Одна хорошая моя знакомая, женщина уже не первой молодости, примерная, можно сказать, жена и примерная мать семейства,— по образованию она была немногим выше своих согражданок, но здравого практического смысла и безо всякого жеманства, что мне в ней особенно нравилось,— однажды она стала мне описывать добродетели и образованность нашего гвардейца. Я, слушая ее, думал, что она шутит,— слушал ее и молча улыбался, но она, не обращая внимания на мои улыбки, увлеклася так панегириком, что начала выхвалять глубокие его познания в русской истории. Я тогда и рукой махнул. Ну, статочное ли дело, чтобы русский барич того времени, да еще и гвардеец, знал что-нибудь, кроме французского языка? А то еще и отечественную историю! Карамзин тогда начал издавать свою знаменитую историю, так он, вероятно, слышал о ней в столице, да и пустил в ход свои познания между непорочными муромками. Бедные муромки! И еще беднейшие муромцы!
Когда женщина, которая почиталась образцом ума и семейных добродетелей, и та увлеклась удалым капитаном, то какое же влияние он имел на обыкновенные умы и добродетели? Влияние сильное, до того сильное, что не прошло году, как мужья молодых жен и отцы молодых дочерей почти начали убеждаться в сильном влиянии капитана на их жен и дочерей, и когда полку нашему назначен был поход в Москву, по случаю коронации, то отцы и мужья перекрестились и свободно вздохнули, а жены и дочери зарыдали.
И горькие рыдания и свободные [вздохи] остались напрасными: капитан заболел и до выздоровления остался в Муроме.
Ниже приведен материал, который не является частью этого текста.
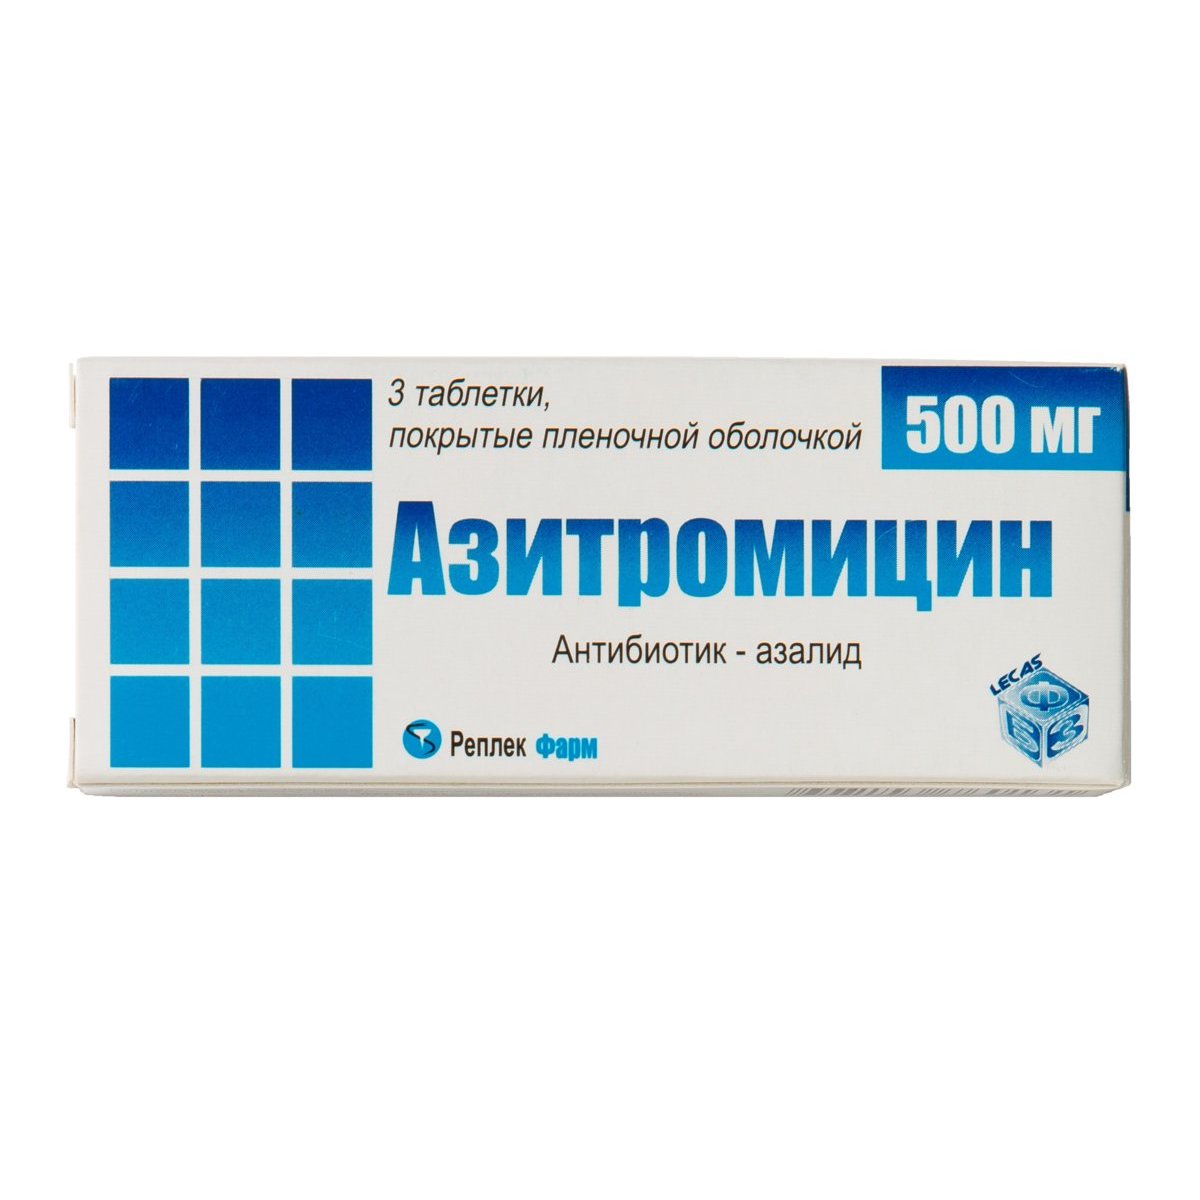 Азитромицин можно приобрести в аптеке в Ярославле в качестве справочной

Каков же был ужас маменек и их милых дочерей, метивших на капитана как на самую выгодную партию, когда к нему (в отсутствие наше) приехали жена и теща и застали его не на одре болезни, а в кругу собутыльников. Теща начала было ему приличную случаю проповедь, но он ее остановил такими словами:
— Вы, кажется, умная женщина, а такие глупые вещи говорите. Ведь вы видели, вы знали, кому вы отдавали свою единственную дочь,— так о чем же вы мне теперь толкуете?
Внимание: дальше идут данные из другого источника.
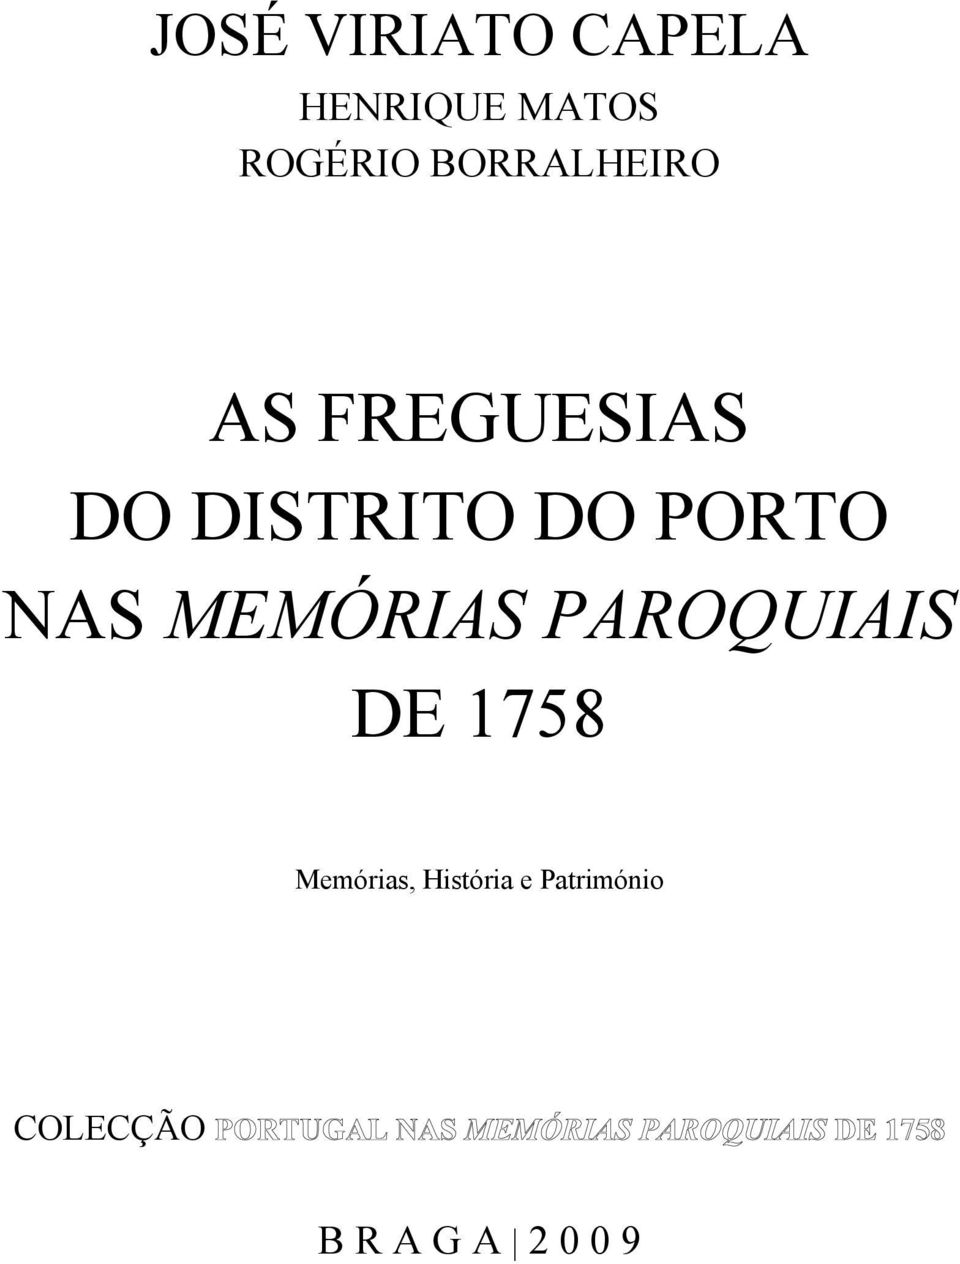 PORTO NAS MEMÓRIAS PAROQUIAIS DE 1758

Старушка посмотрела на него, заплакала и, взявши свою единственную дочь, отправилась восвояси, а он, хохоча, кричал им вслед:
— Куда торопитесь? Не угодно ли со мною пообедать?
Каков молодец!
Несмотря, однакож, на все это, влияние его на нежный пол продолжалось, так что бедные мужья и отцы не видели других средств избавиться от опасного капитана, как написать просьбу государю от лица всего конклава и слезно просить, чтобы за примерные добродетели капитана перевел бы его снова в гвардию. Не знаю, по их ли просьбе, или по чьей другой, только он, проживши еще два года, был переведен,— только не в гвардию, а в город Вологду под надзор полиции. А в продолжение этих двух лет он разыграл еще с десяток слезных мелодрам и последнюю, самую патетическую, содержания следующего.
Выходя в Москву, вагенбург и прочие полковые тяжести нам приказано было оставить в Муроме, из чего и следовало заключить, что мы вскоре возвратимся на прежние квартиры. Офицеры, которые имели порядочные квартиры, оставили их за собою; я и свою квартиру тоже за собой оставил, а при ней мебель и прочую громоздкую мизерию. Полковой командир, спасибо ему, уважил мою просьбу и отдал в мое полное распоряжение Тумана, а я Туману отдал в полное распоряжение свою квартиру и все к ней принадлежащее. Прощаяся с ним, я наказывал ему пуще своих глаз беречь Варочку и как можно реже позволять ей посещать фельдшершу.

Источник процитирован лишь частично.